MONIQUE LACEY

b. 1960 Utrecht, Netherlands.  l&w.  Auckand, NZ/Aotearoa  



Beginning with commercially available packaging materials Monique Lacey constructs sculptures that oscillate between the utilitarian and the uncanny.  These boxes, once assembled, are submerged beneath successive skins of plaster, pigment, fibreglass, wax and resin. The surface becomes a site of both concealment and disclosure, where the humble cardboard substrate is simultaneously effaced and exalted.  Crucially, these structures are not left intact; crushed using Lacey’s own bodyweight, a gesture that straddles violence and play, absurdity and critique.

If Minimalism sought purity and anonymity in industrial materials, Lacey’s work unsettles that legacy.
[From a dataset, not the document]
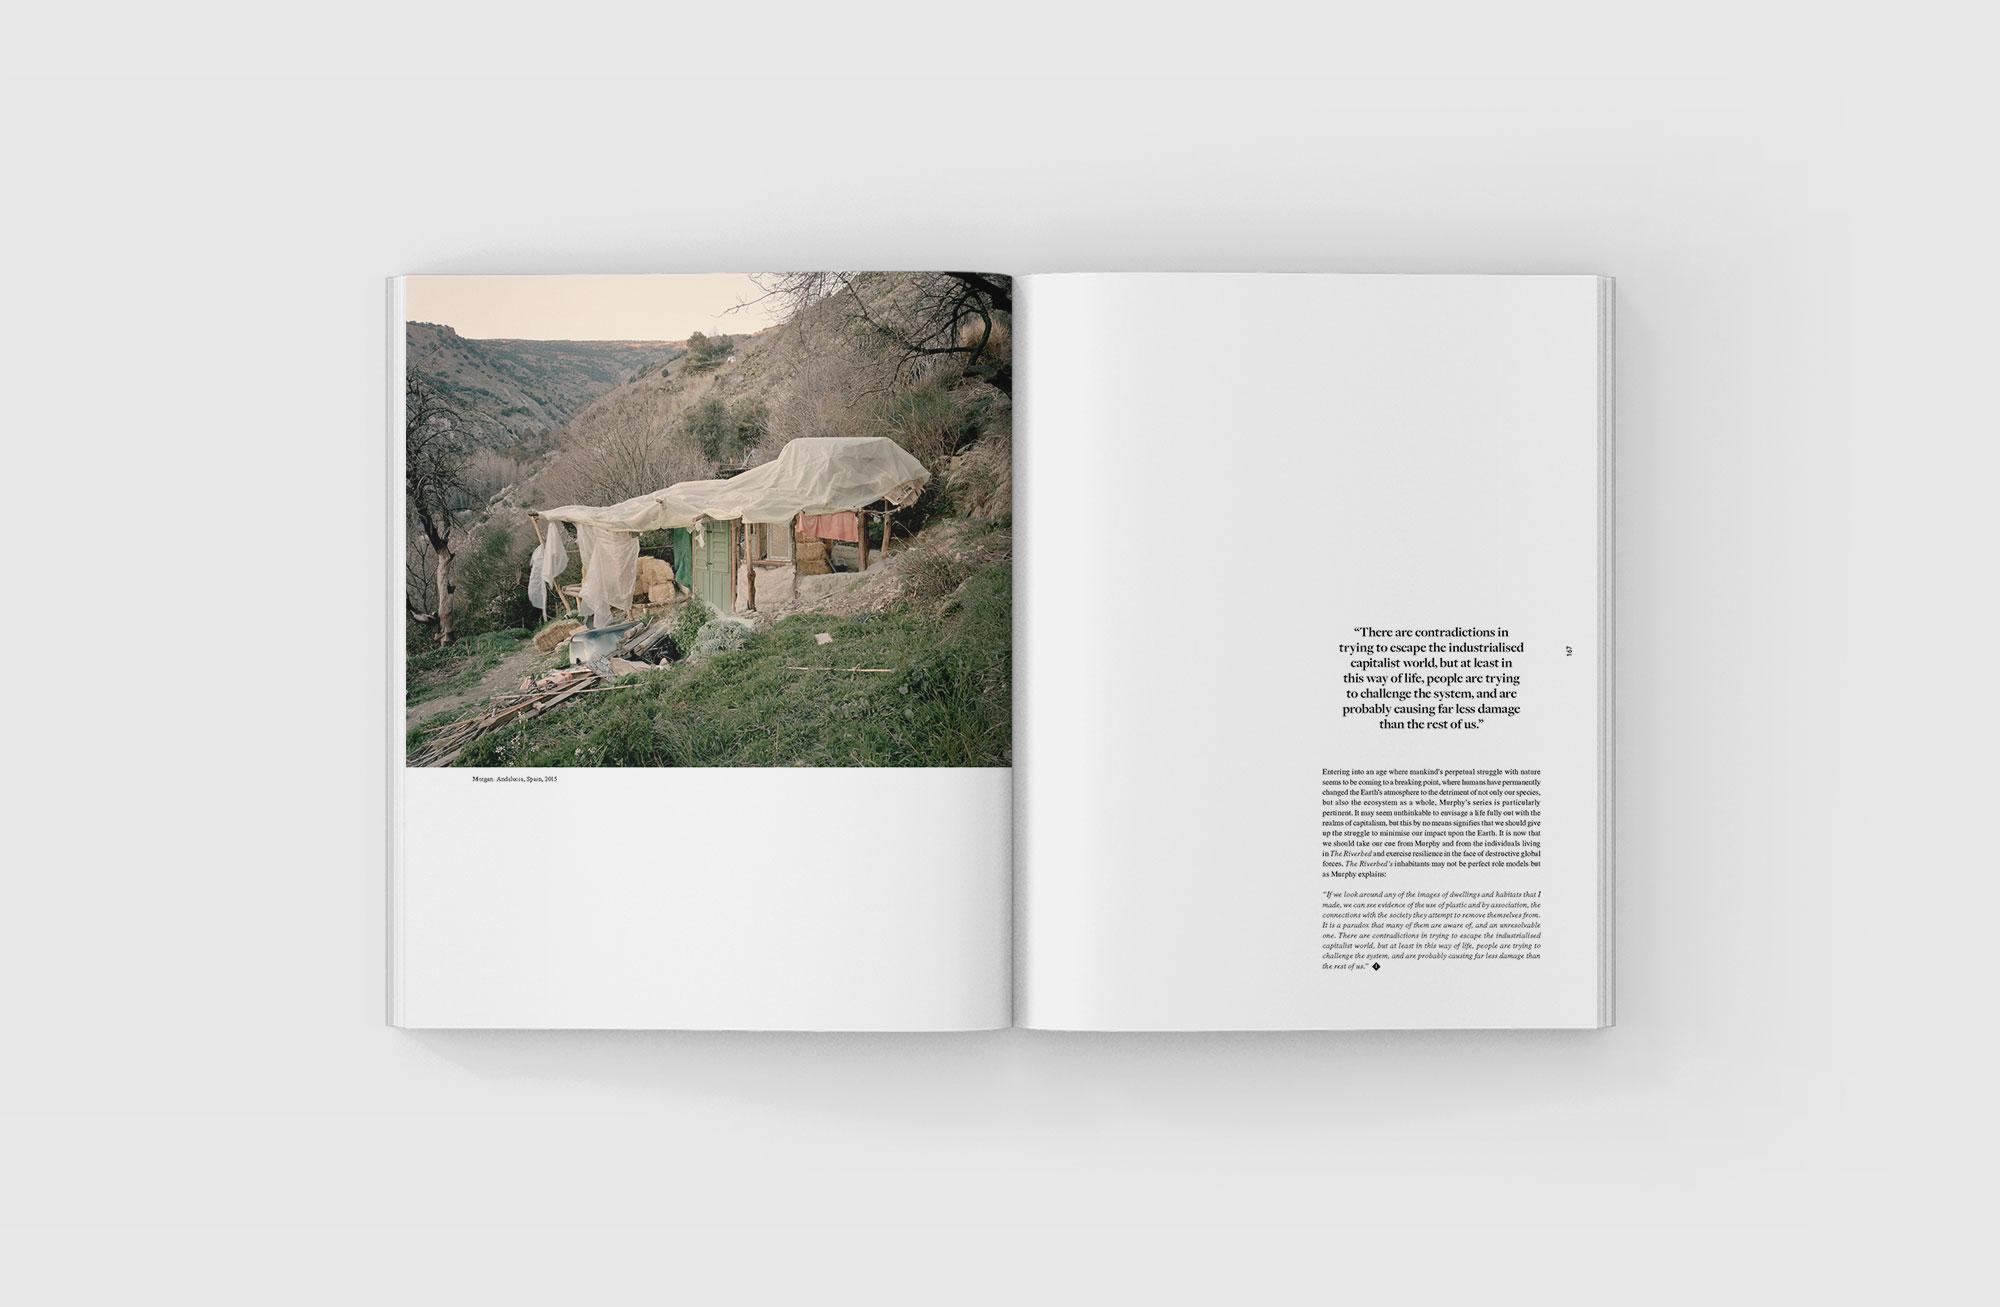 jungle-magazine-02-26.jpg

It recalls the “specific object” yet insists on the indexical trace of the maker, present not through heroic gesture, but through acts of calculated defacement. The surfaces refuse the sleek finishes of Judd or Morris, opting instead for a material instability that complicates hierarchies of value. What emerges is a practice that inhabits the space between sculpture and painting, surface and form, ruin and reinvention.

Lacey’s engagement with our post-truth era surfaces most pointedly through her choice of titles.  ‘Stable Genius’, ‘Flip Flopper’, and 'Quid Pro Quo’ are not just pulled from political soundbites, but are artefacts of a fractured discourse. In a 24-hour media cycle governed by repetition, contradiction and spin, these phrases circulate less as meaning than as noise - a kind of echo chamber that mirrors the conditions under which we now receive and process information.
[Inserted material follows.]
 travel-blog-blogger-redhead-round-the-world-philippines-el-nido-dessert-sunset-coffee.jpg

For Lacey, figures like Donald Trump emerge not as direct subjects, but as avatars of this condition, and for a moment in history where spectacle eclipses substance, and language itself is destabilised. Trump’s incoherence along with a resistance to fact, all point to a cultural terrain in which the boundaries between sincerity and satire, and truth and fiction are no longer clearly drawn. In this context, Lacey’s titles function like 'glitches in the matrix' - each possessing a snappy soundbite logic that dissolves on contact. 
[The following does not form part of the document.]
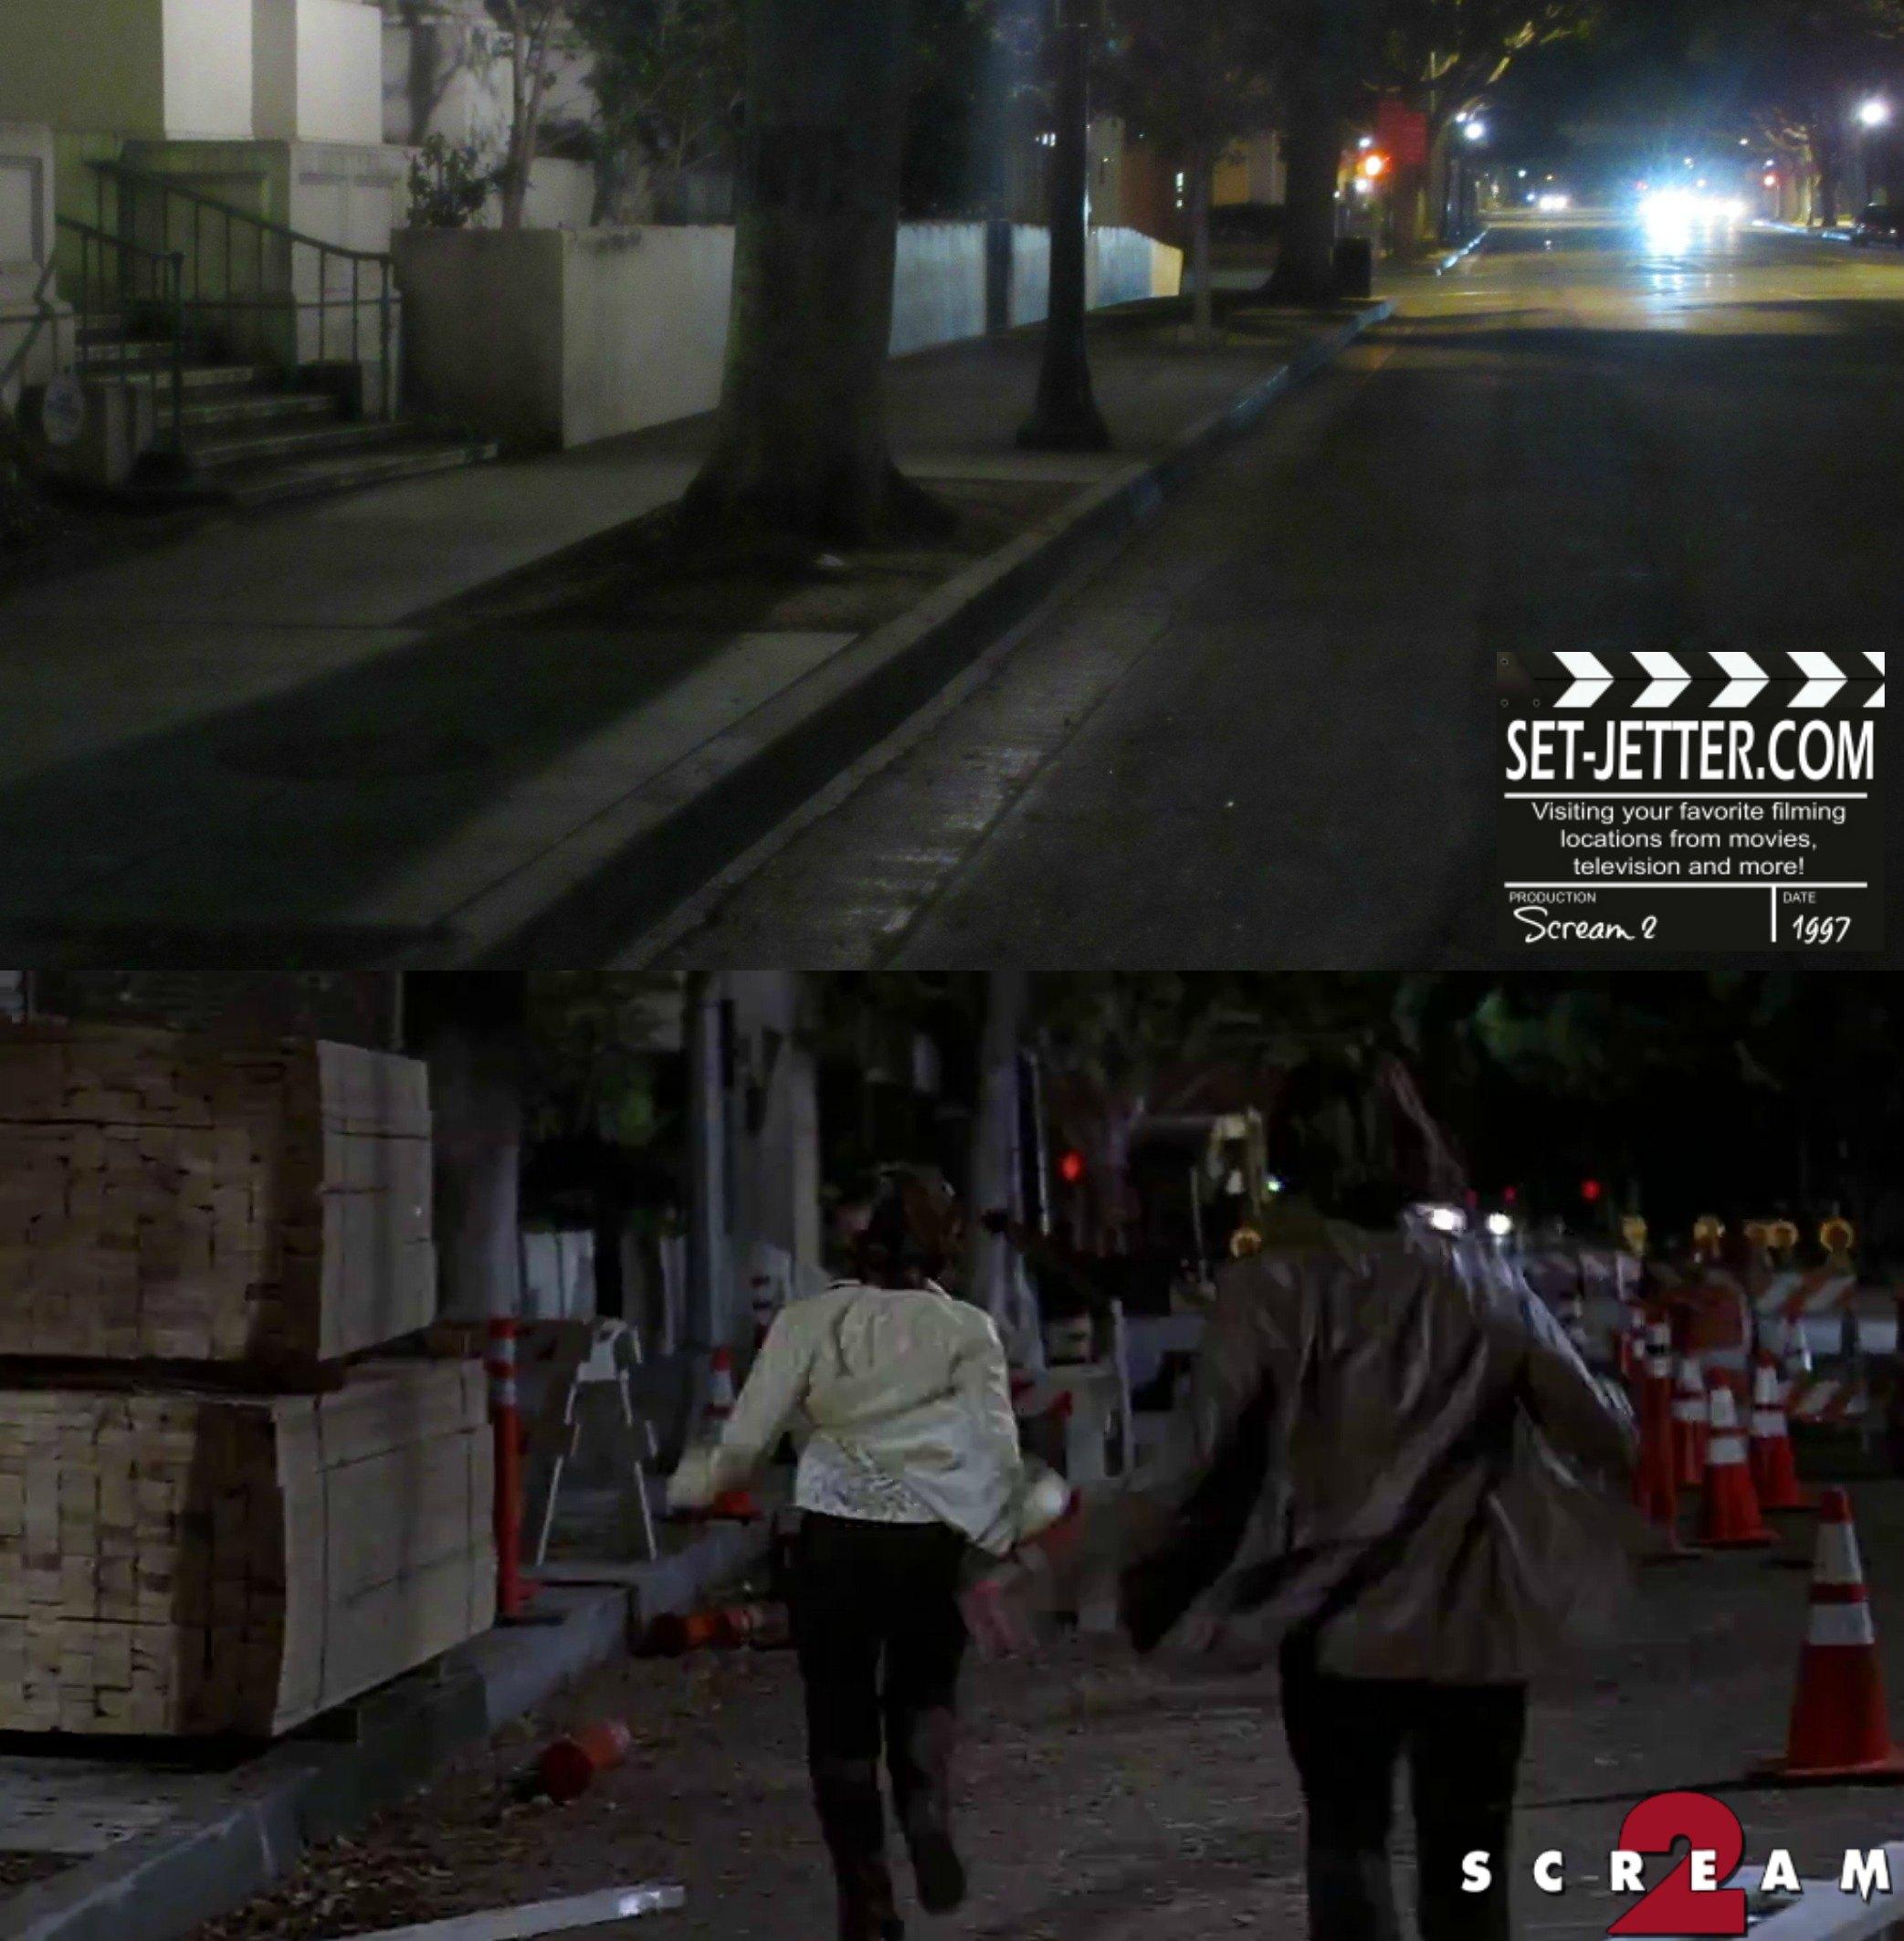 Scream 2 comparison 227.jpg

By collapsing political language into sculptural form, Lacey doesn’t resolve this tension insomuch as she materialises it.  Her works seem to echo the collapse of certainty itself and in a post-truth-post-capitalist world, these crumpled forms perhaps read less as ruins than as emblems of our uncertain present.  Shaped by distortion, dissonance and instability, they mirror the ways we are already living, thinking, and making meaning on a ground that is constantly shifting beneath our feet.

Monique Lacey is represented nationally in Australia by The Renshaws.